» **Exercise brief**
For this exercise, copy exactly the lines below from the one with "Aluminium Insert Plate" through the one with "International friendship day" and leave out the pictures.
======== Data for this exercise ========
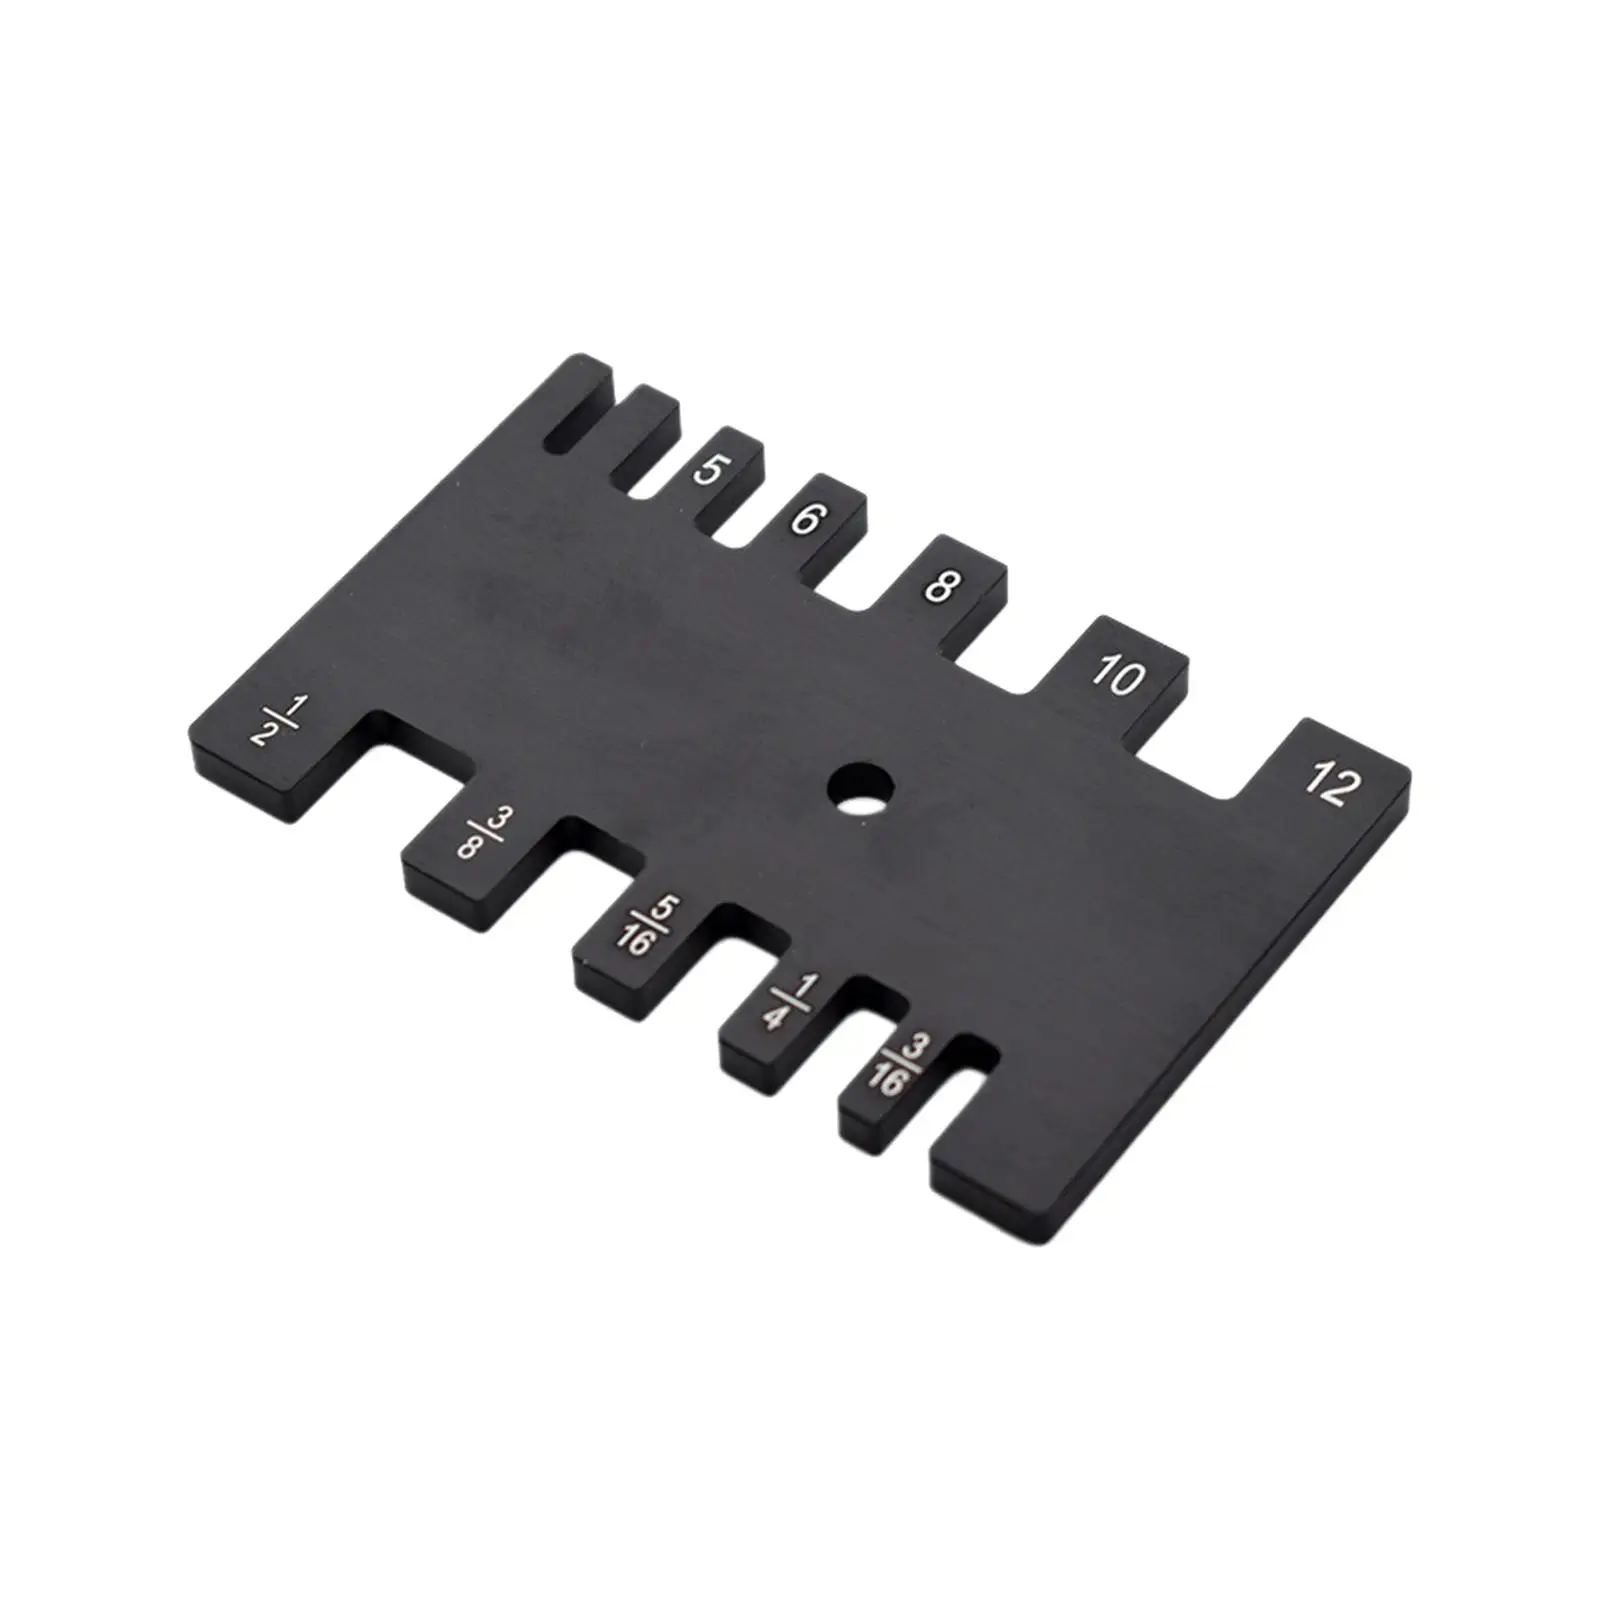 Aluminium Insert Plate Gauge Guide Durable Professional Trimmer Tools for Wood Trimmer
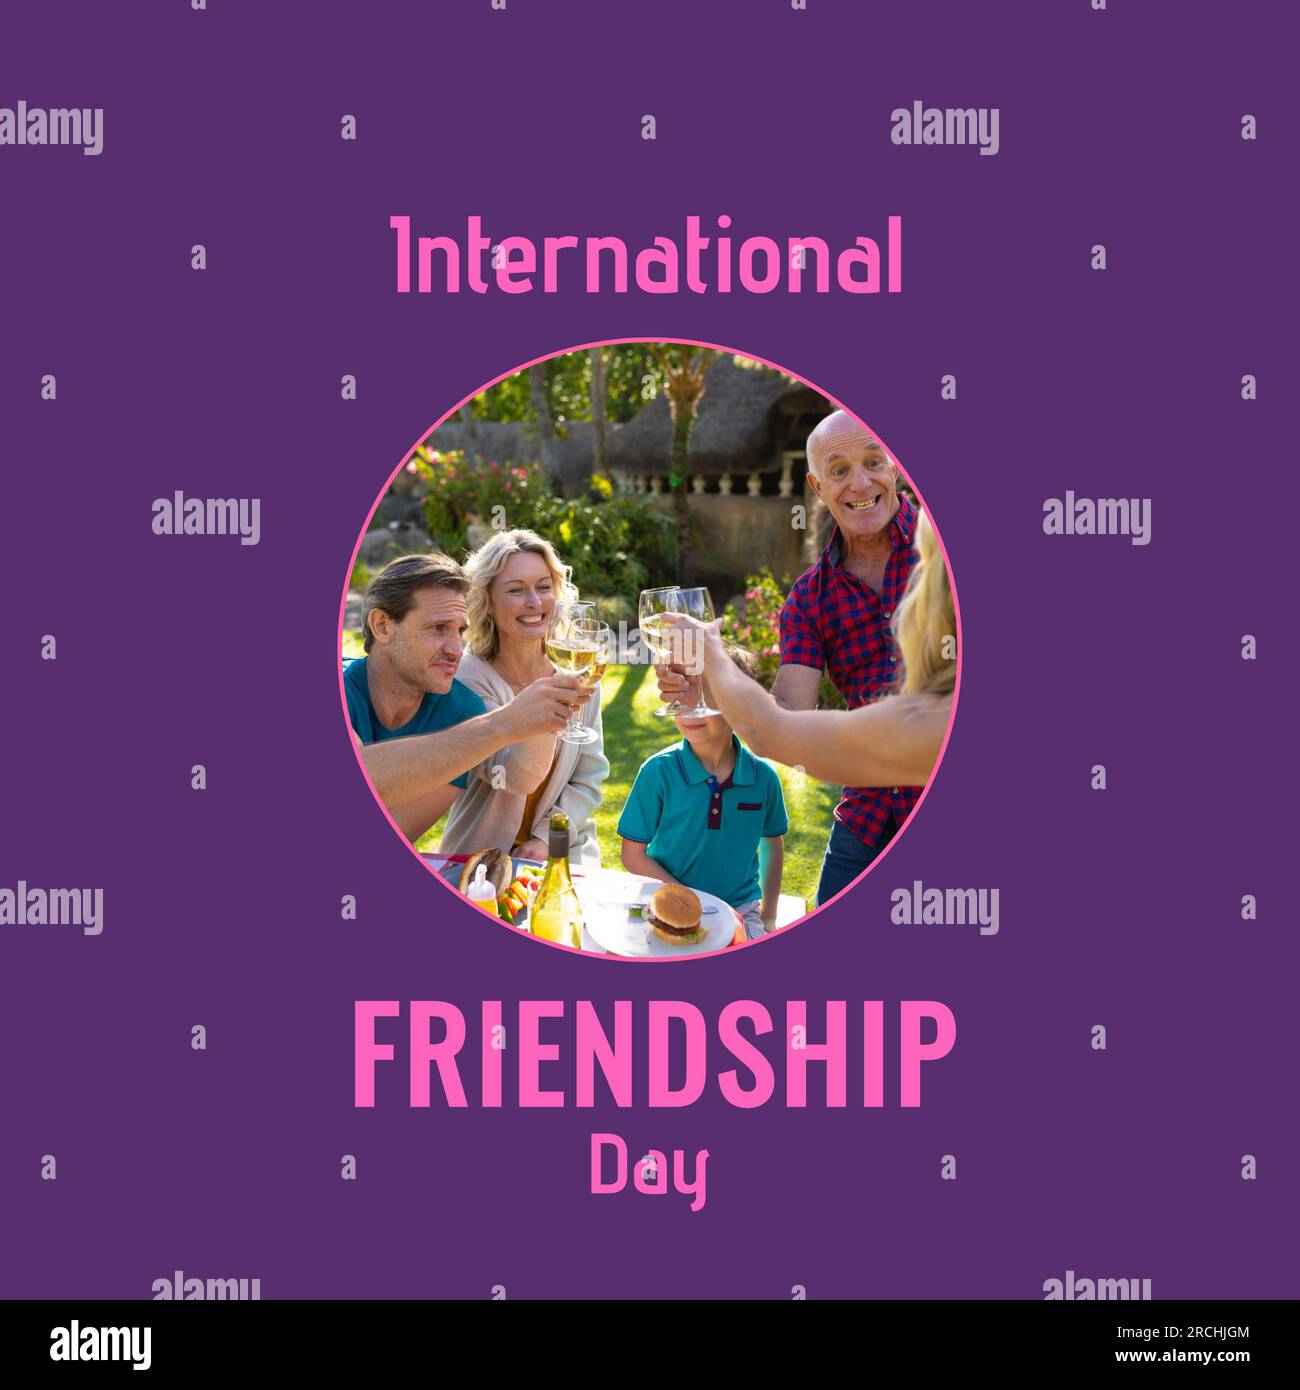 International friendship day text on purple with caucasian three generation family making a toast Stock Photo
========
======== Data for this exercise ========
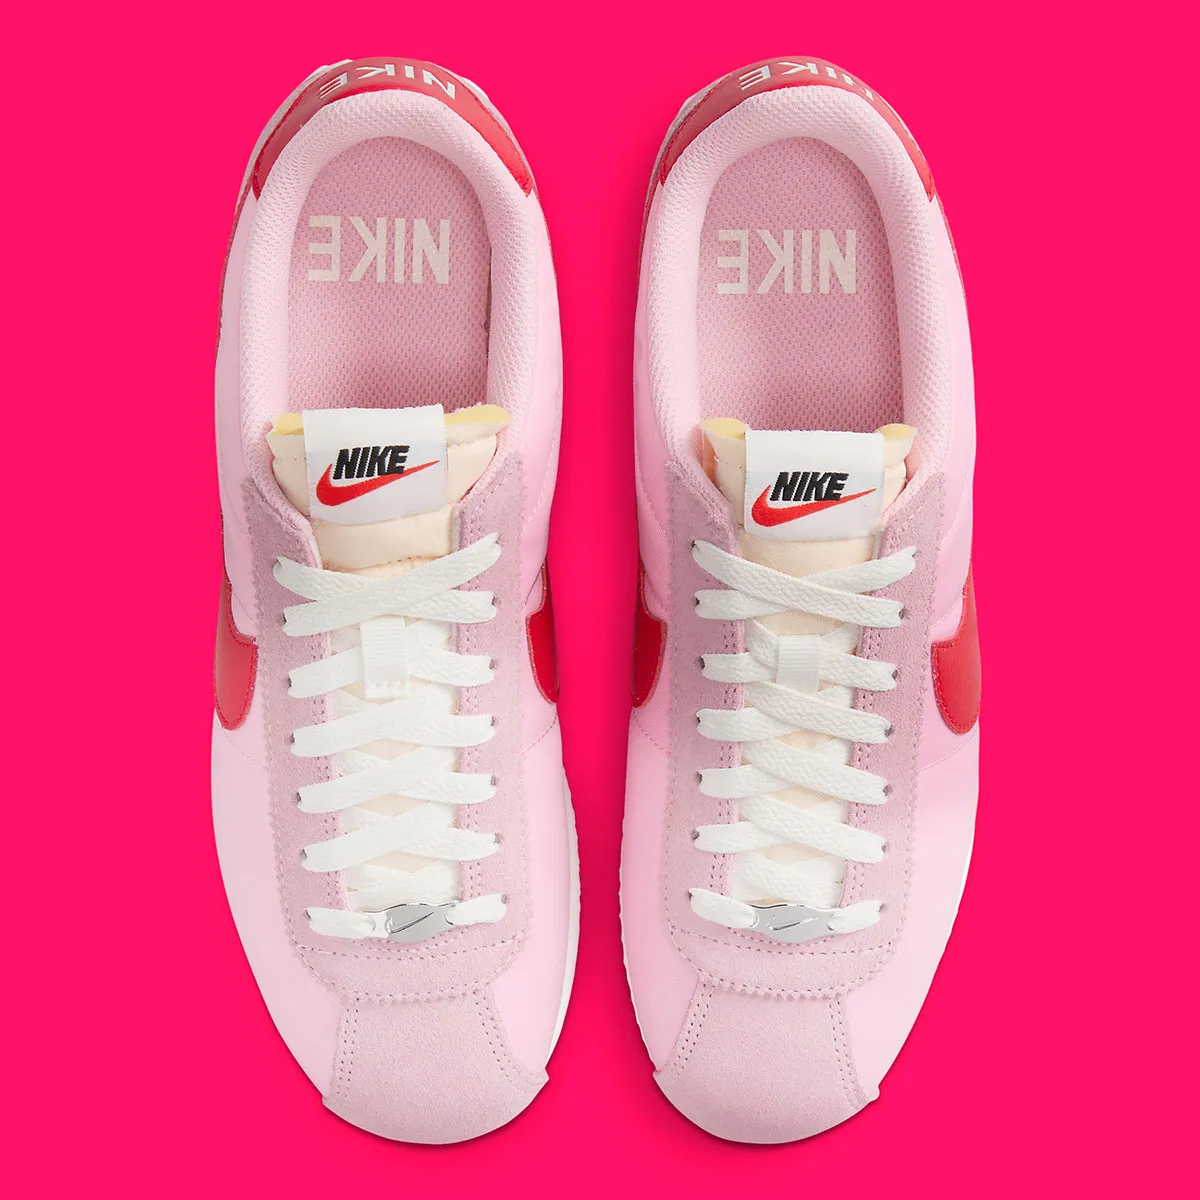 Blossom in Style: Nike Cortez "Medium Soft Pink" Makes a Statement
========
======== Data for this exercise ========
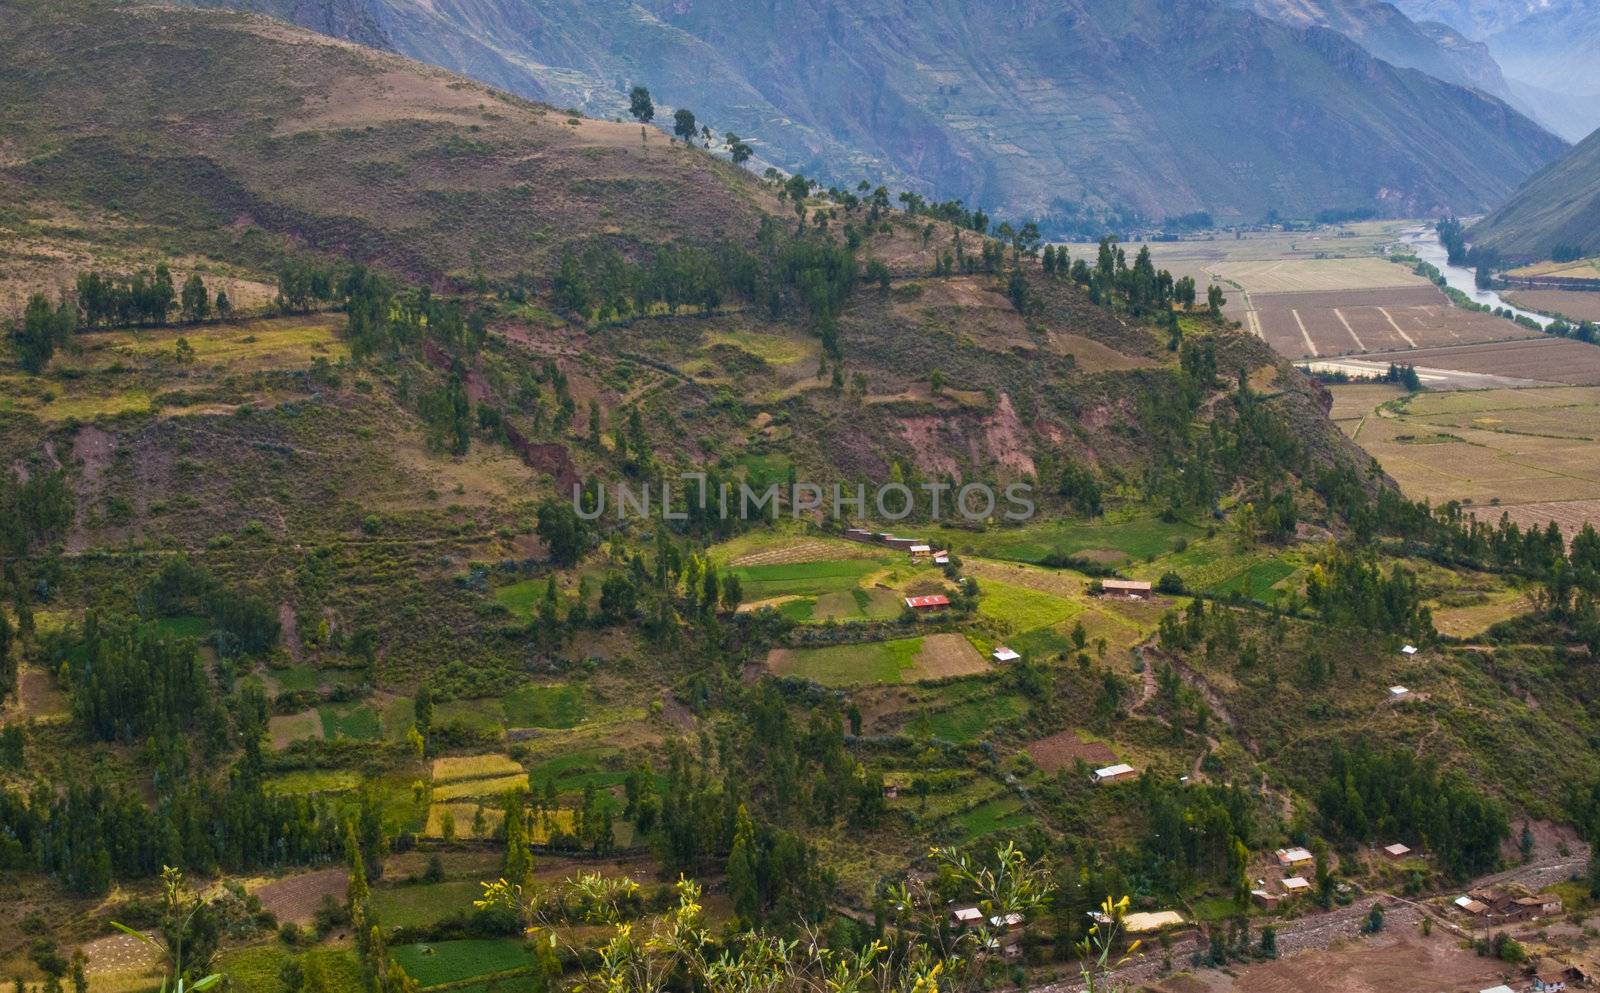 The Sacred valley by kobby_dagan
========
» **Task answer**
 Aluminium Insert Plate Gauge Guide Durable Professional Trimmer Tools for Wood Trimmer
 International friendship day text on purple with caucasian three generation family making a toast Stock Photo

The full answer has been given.